10. A vapor generator operating on the reheat cycle and comprising an elongated furnace, said furnace being tangentially fired and having a plurality of laterally spaced burners discharging tangent to an imaginary cylinder extending longitudinally of the furnace so that a burning mass is created that whirls generally about the axis of the furnace, said furnace having an outlet for combustion gases remote from the region of firing and directed laterally of the furnace, at gas pass extending from said outlet, heat exchange surface in at least the upstream portion of said gas pass including a heat exchange section for initially heating vapor produced by the generator and a heat exchange section for reheating the vapor after a portion of its energy has been utilized, each of these heat exchange sections being comprised of tubes disposed in planes uniformly spaced across the entire width of the gas pass, means dividing the gas pass in the zone of these heat exchange sections into at least three separate continuous side-by-side passageways across the width thereof with the ratio of superheat to reheat surface in one of the passageways being a predetermined value and with this ratio in the other passageways being substantially the same as said one passageway and means operative to controllably proportion the combustion gas flow between the several passageways.
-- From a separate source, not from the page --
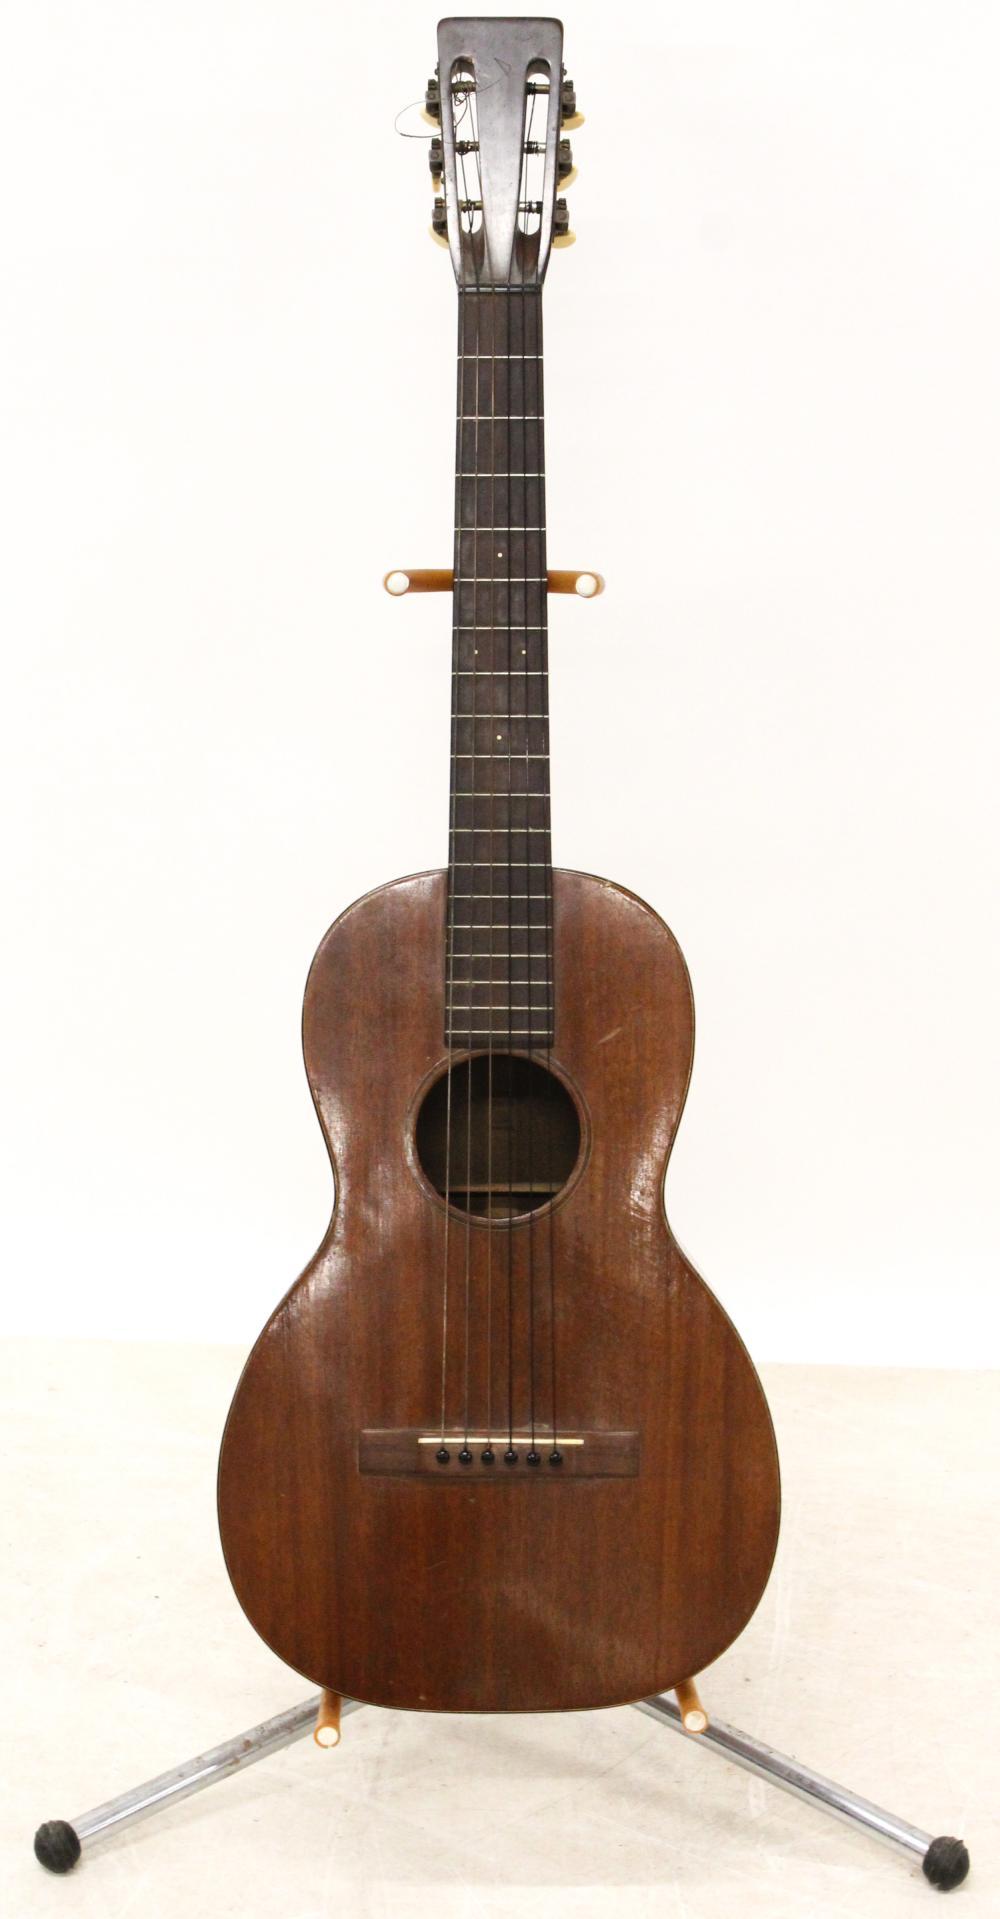 C F Martin/ Oliver Ditson Parlor Guitar

11. A vapor generator including an elongated furnace means for introducing fuel thereinto for burning therewithin, said furnace having an outlet adjacent one end and extending laterally therefrom, a passageway extending from said outlet for the conduction of combustion gases, a plurality of division walls disposed in spaced relation across the passageway and the region of the furnace opposite said outlet and dividing the passageway and the region of the furnace opposite said outlet into at least three parallel passages for combustion gases and which passages are disposed in side-by-ide relation across the Width of the passageway and said furnace portion, the upstream portion of the division walls being comprised of a vapor heating surface, heat exchange surface disposed in each of the passages including superheating surface and reheating surface with the ratio of superheat to reheat surface in one of the passages being a predetermined value and with this ratio in the other passages being substantially the same as said one passage, and means operative to individually and adjustably control the gas flow through the several passages.

References Cited in the file of this patent UNITED STATES PATENTS 2,107,440 Gordon Feb. 8, 1938 2,268,776 Pourchot Jan. 6, 1942 2,752,899 Kasak July 3, 1956 2,836,156 Schaap May 27, 1958 2,931,345 Raynor et al Apr. 5, 1960 2,977,937 Dietlhauser Apr. 4, 1961 FOREIGN PATENTS 744,797 reat Britain Feb. 15, 1956

Claims

1. A HIGH CAPACITY, HIGH PRESSURE VAPOR GENERATOR COMPRISING AN ELONGATED FURNACE HAVING AN EXIT FOR COMBUSTION GASES ADJACENT ONE END AND FIRED AT A REGION REMOTE FROM SAID ONE END AND INCLUDING MEANS FOR THUS FIRING THE SAME, MEANS FORMING A CONVECTION HEAT EXCHANGE ZONE EXTENDING FROM THE FURNACE THROUGH WHICH COMBUSTION GASES GENERATED IN THE FURNACE PASS, SAID ZONE HAVING DISPOSED THEREIN ONLY HEAT EXCHANGE SECTIONS THAT ARE CONSECUTIVELY ARRANGED RELATIVE TO GAS FLOW WITH EACH SECTION EXTENDING ACROSS THE ENTIRE WIDTH OF THE STREAM OF GASES PASSING THERETHROUGH AND WITH THE UPSTREAM SECTIONS BEING STEAM HEATING SECTION AND DOWNSTREAM SECTIONS BEING WATER HEATING SECTIONS, AND WITH SOME OF SAID STEAM HEATING SECTIONS BEING SUPERHEATING SECTIONS AND THE REMAINING BEING REHEATING SECTIONS, MEANS DIVIDING THE CONVECTION HEAT EXCHANGE ZONE INTO AT LEAST THREE SEPARATE PASSAGES CONTINUOUS IN SIDE BY SIDE RELATION ACROSS THE WIDTH OF THE STREAM OF GASES FLOWING THERETHROUGH WITH THE RATIO OF SUPERHEAT TO REHEAT SURFACE IN ONE OF THE PASSAGES BEING A PREDETERMINED VALUE AND WITH THIS RATIO IN THE OTHER PASSAGES BEING SUBSTANTIALLY THE SAME AS SAID ONE PASSAGE AND MEANS OPERATIVE TO INDEPENDENTLY CONTROL THE GAS FLOW THROUGH EACH OF SAID PASSAGES.